» **The task**:
Begin at the line that contains "For the kids" and reproduce it along with every line after it to the end of the listing; skip any pictures.

» **The data**:
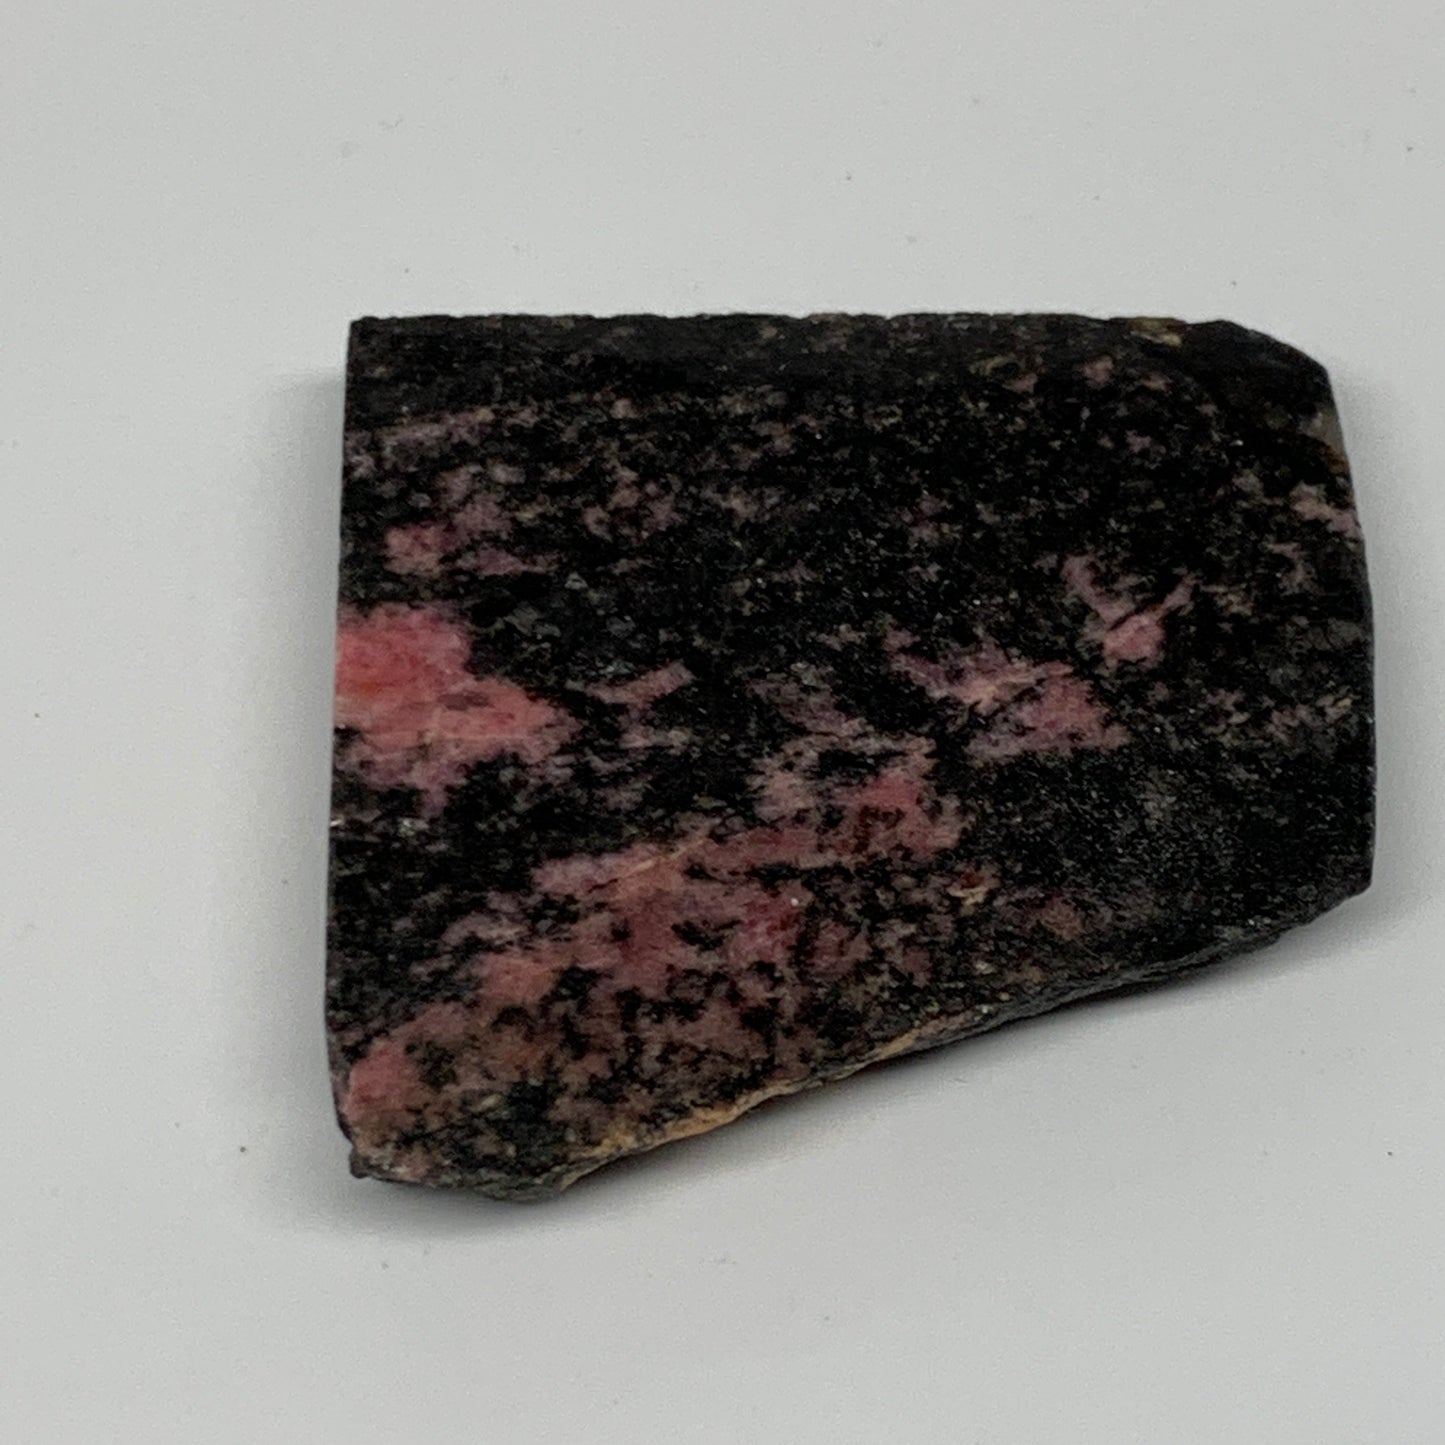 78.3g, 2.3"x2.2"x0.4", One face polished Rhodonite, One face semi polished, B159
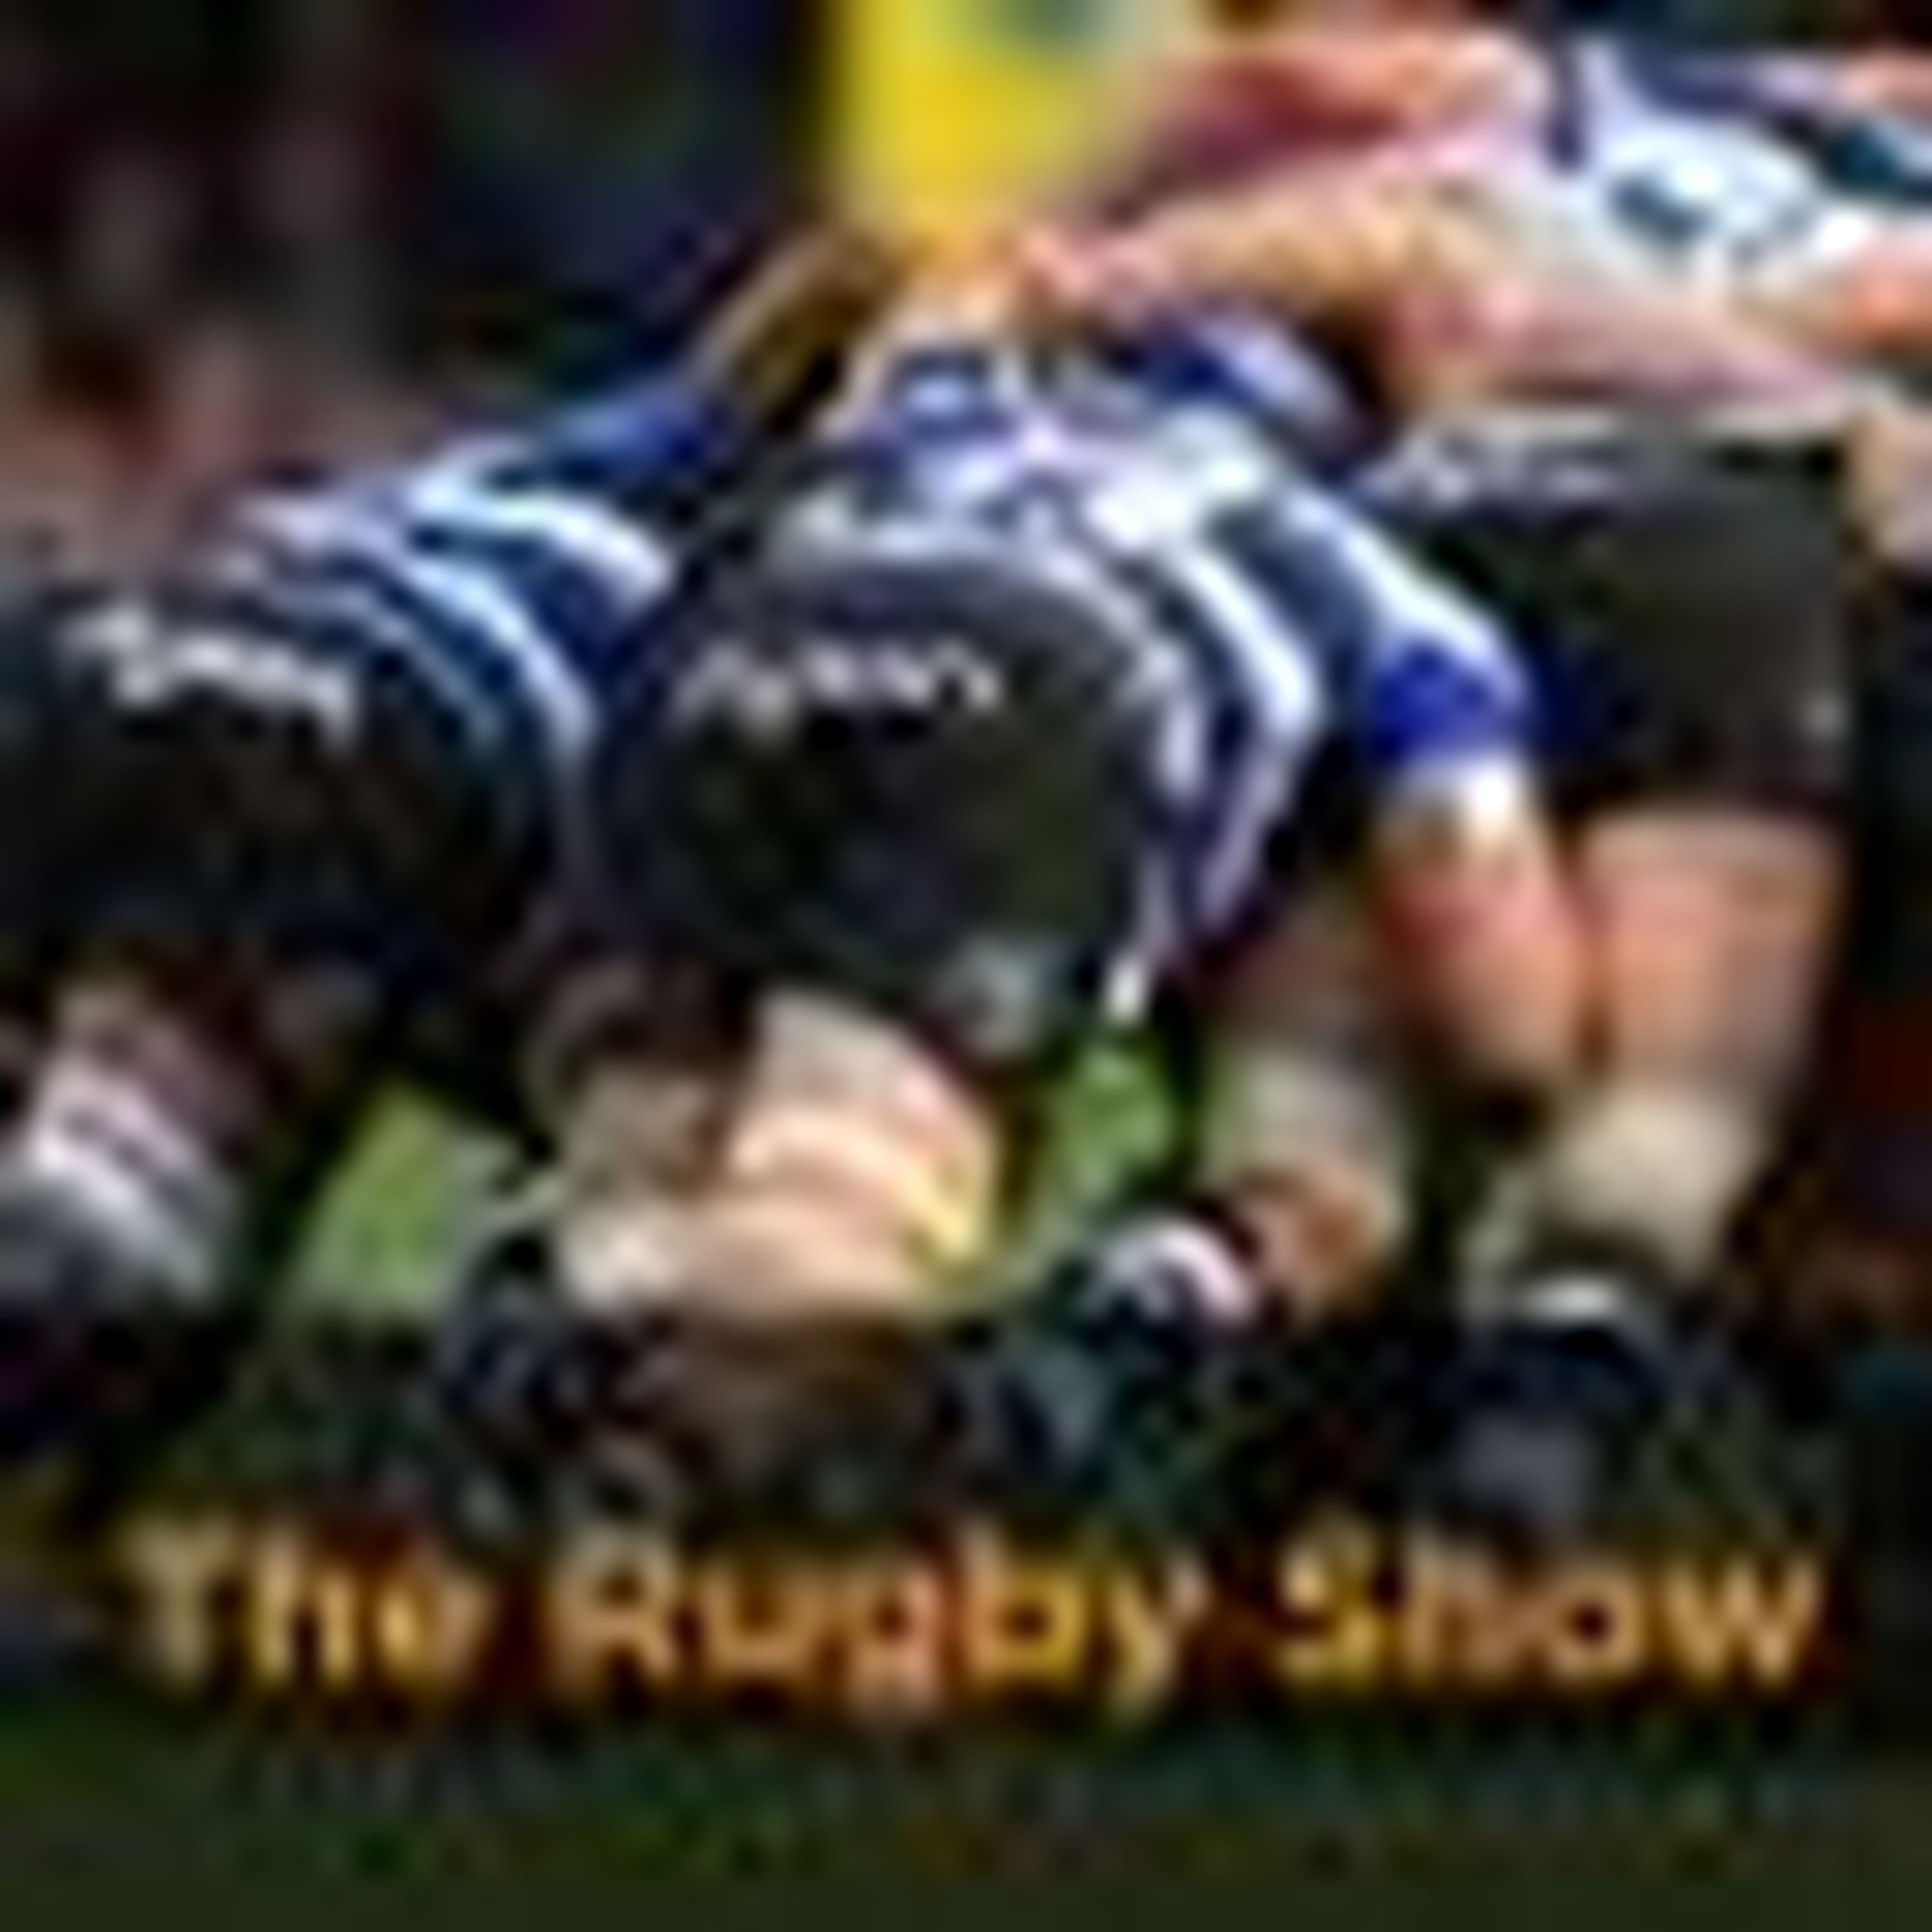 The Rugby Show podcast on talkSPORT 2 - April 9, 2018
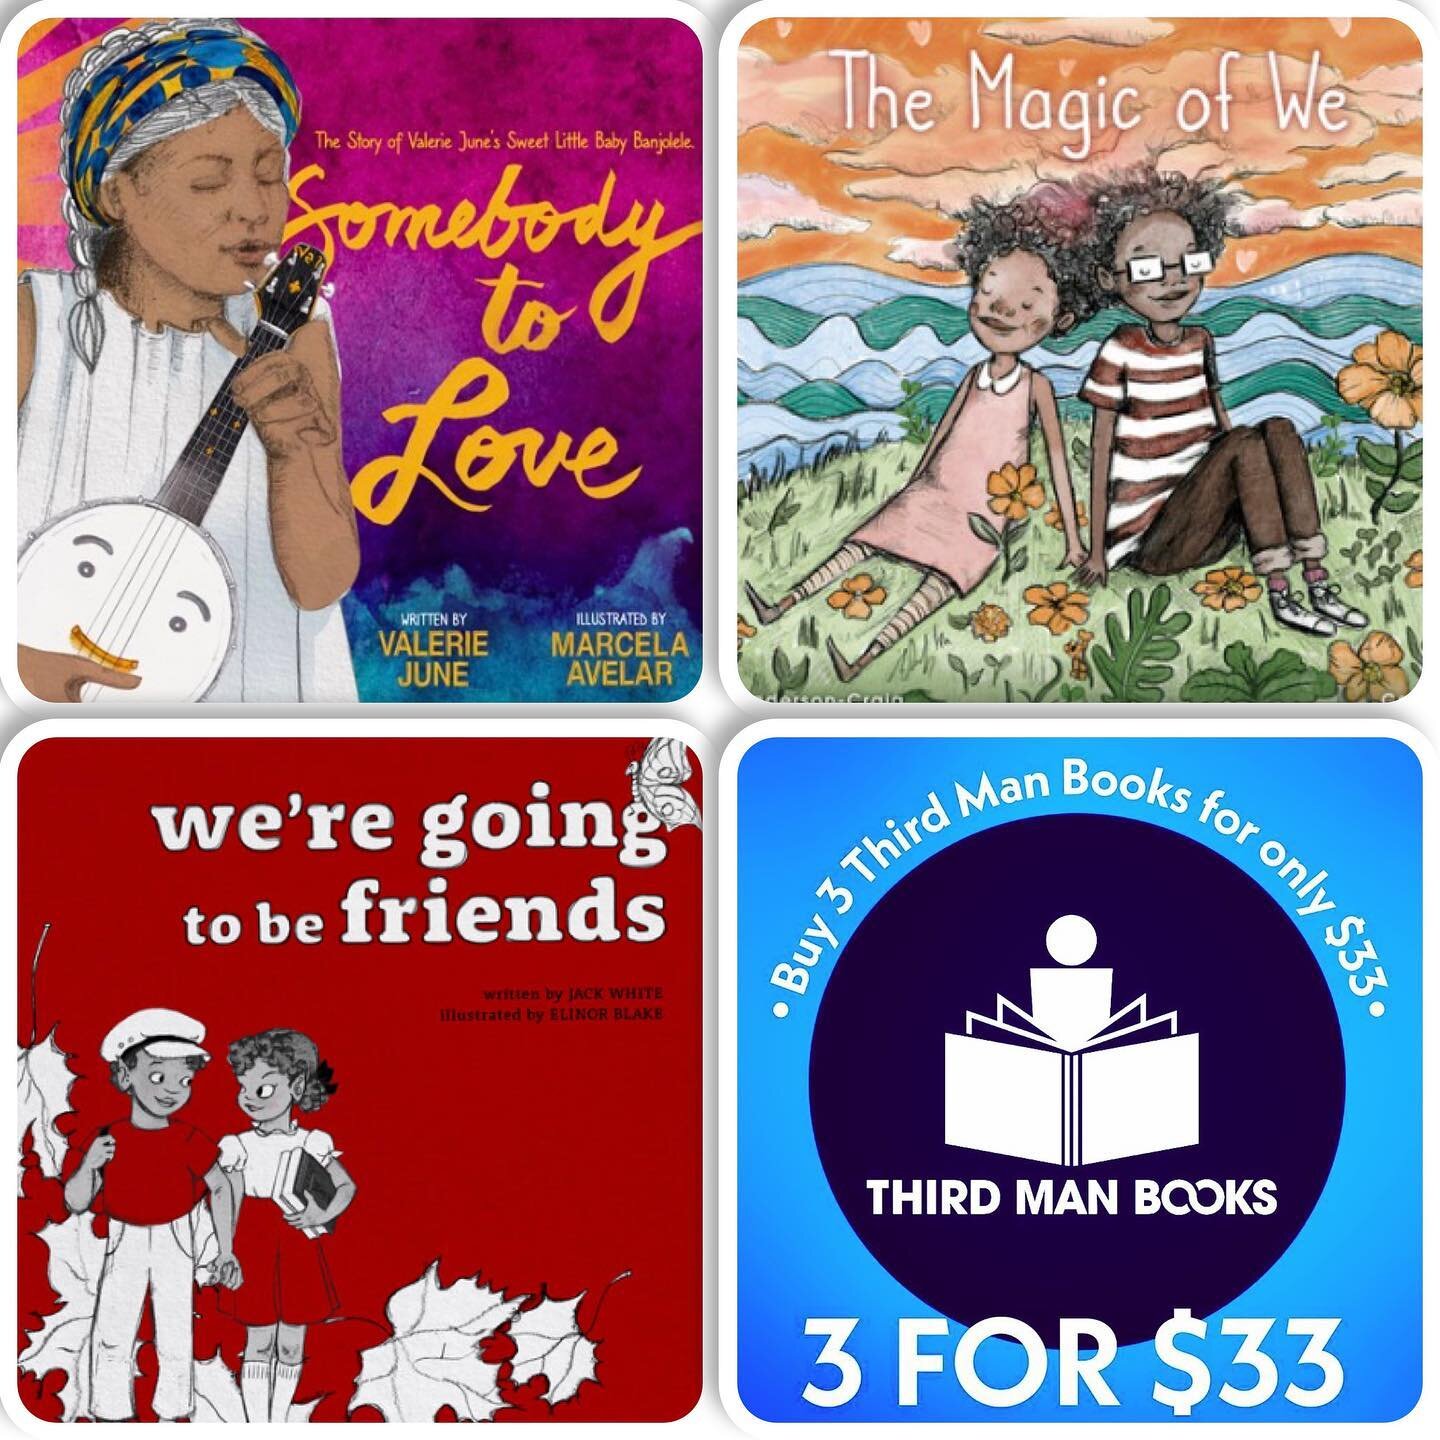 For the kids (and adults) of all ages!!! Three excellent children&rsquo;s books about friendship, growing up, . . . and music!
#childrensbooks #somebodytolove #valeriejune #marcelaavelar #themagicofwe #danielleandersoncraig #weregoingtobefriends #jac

» **Response to the task**:
 For the kids (and adults) of all ages!!! Three excellent children&rsquo;s books about friendship, growing up, . . . and music!
#childrensbooks #somebodytolove #valeriejune #marcelaavelar #themagicofwe #danielleandersoncraig #weregoingtobefriends #jac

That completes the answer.